Varianti Covid, le nuove regole del ministero della Salute e dell’Aifa per contenere il contagio: ecco cosa cambia, dal distanziamento alla quarantena.

Le varianti del Covid hanno portato a un cambiamento delle regole per prevenire il contagio. Non basta più infatti la distanza di sicurezza di un metro. Così come non basta il vaccino per poter essere totalmente tranquilli. Ecco le nuove indicazioni contenute nel documento redatto da Inail con l’Istituto superiore di sanità, il ministero della Salute e l’Aifa, per cercare di contenere il dilagare delle varianti, che ormai hanno portato all’esplosione della terza ondata.

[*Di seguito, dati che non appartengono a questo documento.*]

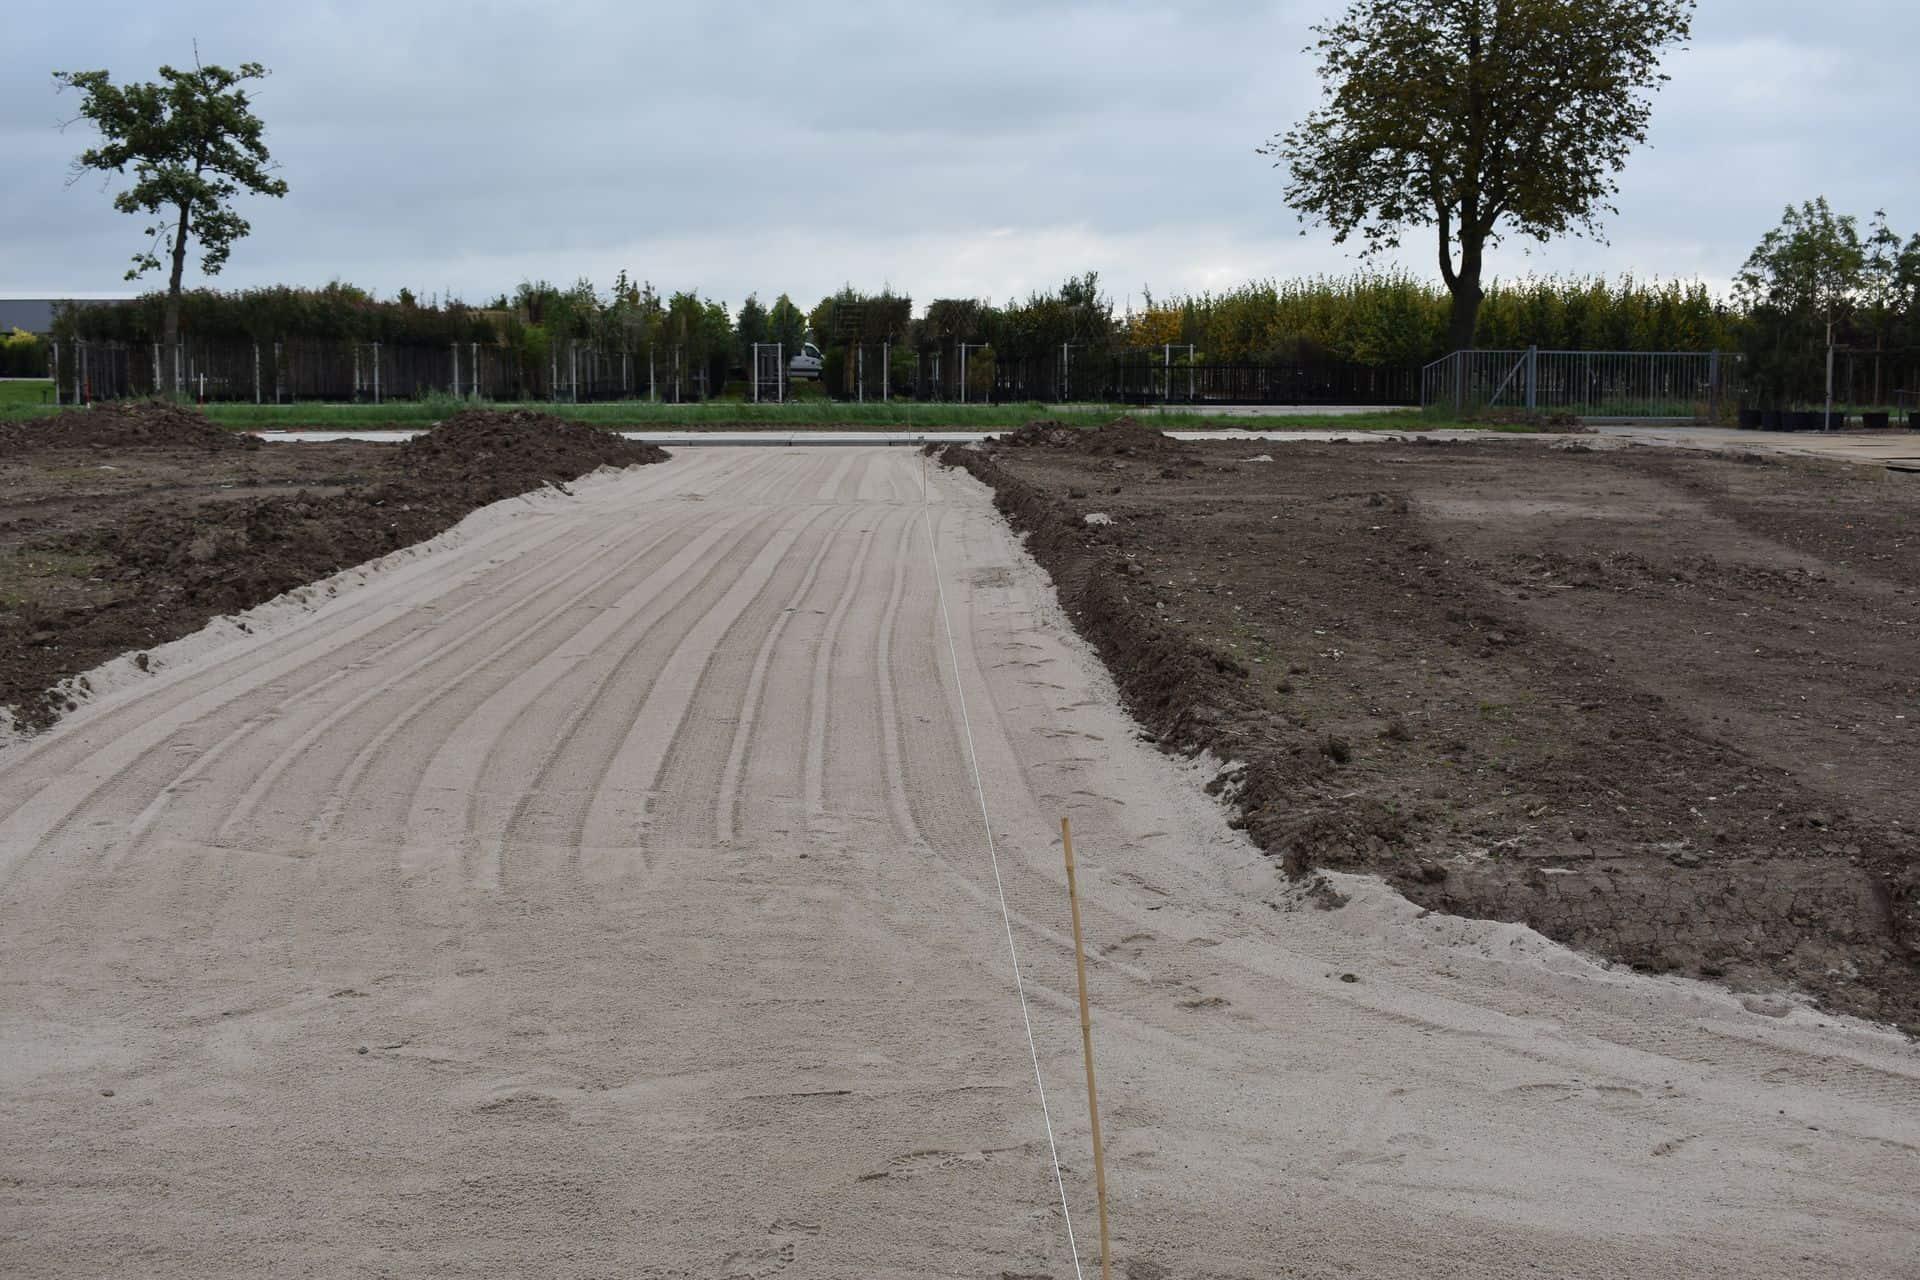 Geëgaliseerde zandbaan | Project kwekerij Opheusden

Varianti Covid: le nuove regole

La più grande novità per quanto riguarda le regole di comportamento riguarda il distanziamento sociale. Per evitare il contagio sarebbe opportuno aumentare la distanza minima, anche a tavola, ad almeno due metri laddove possibile.

Clienti al bar con mascherina
Clienti al bar con mascherina

Altre regole riguardano tutti i lavoratori, inclusi gli operatori sanitari, che sono ancora obbligati a continuare a utilizzare rigorosamente i dispositivi di protezione individuale, l’igiene delle mani e il distanziamento fisico, indipendentenente dallo stato di vaccinazione. In altre parole, è ancora necessario mantenere alta la guardia in ogni situazione in cui si entra in contatto con persone al di fuori dei propri familiari stretti o conviventi, avendo le varianti delle caratteristiche da non sottovalutare.

Varianti Covid: anche i vaccinati rischiano

La pubblicazione mette in luce un altro aspetto relativo alla vaccinazione. Anche chi è già stato sottoposto al vaccino non è immune al Covid, visto che nessun vaccino è efficace al 100%. La risposta immunitaria a ogni vaccinazione varia di soggetto in soggetto e la durata della protezione non è ancora stata definita, essendo ancora nelle prime fasi della campagna vaccinale.

Vaccino Covid-19
Vaccino Covid-19

Nel documento viene poi specificato che il vaccino non rende del tutto immuni dal contagio, anche se il rischio è ovviamente più contenuto. Chi ha già avuto il vaccino deve adottare le stesse indicazioni valide per tutti gli altri, a prescindere dal numero di dosi e dalla tipologia di vaccino. Ad esempio, se un vaccinato diventa ‘contatto stretto’ di un contagiato, deve osservare una quarantena dai dieci ai quattordici giorni, purché asintomatico.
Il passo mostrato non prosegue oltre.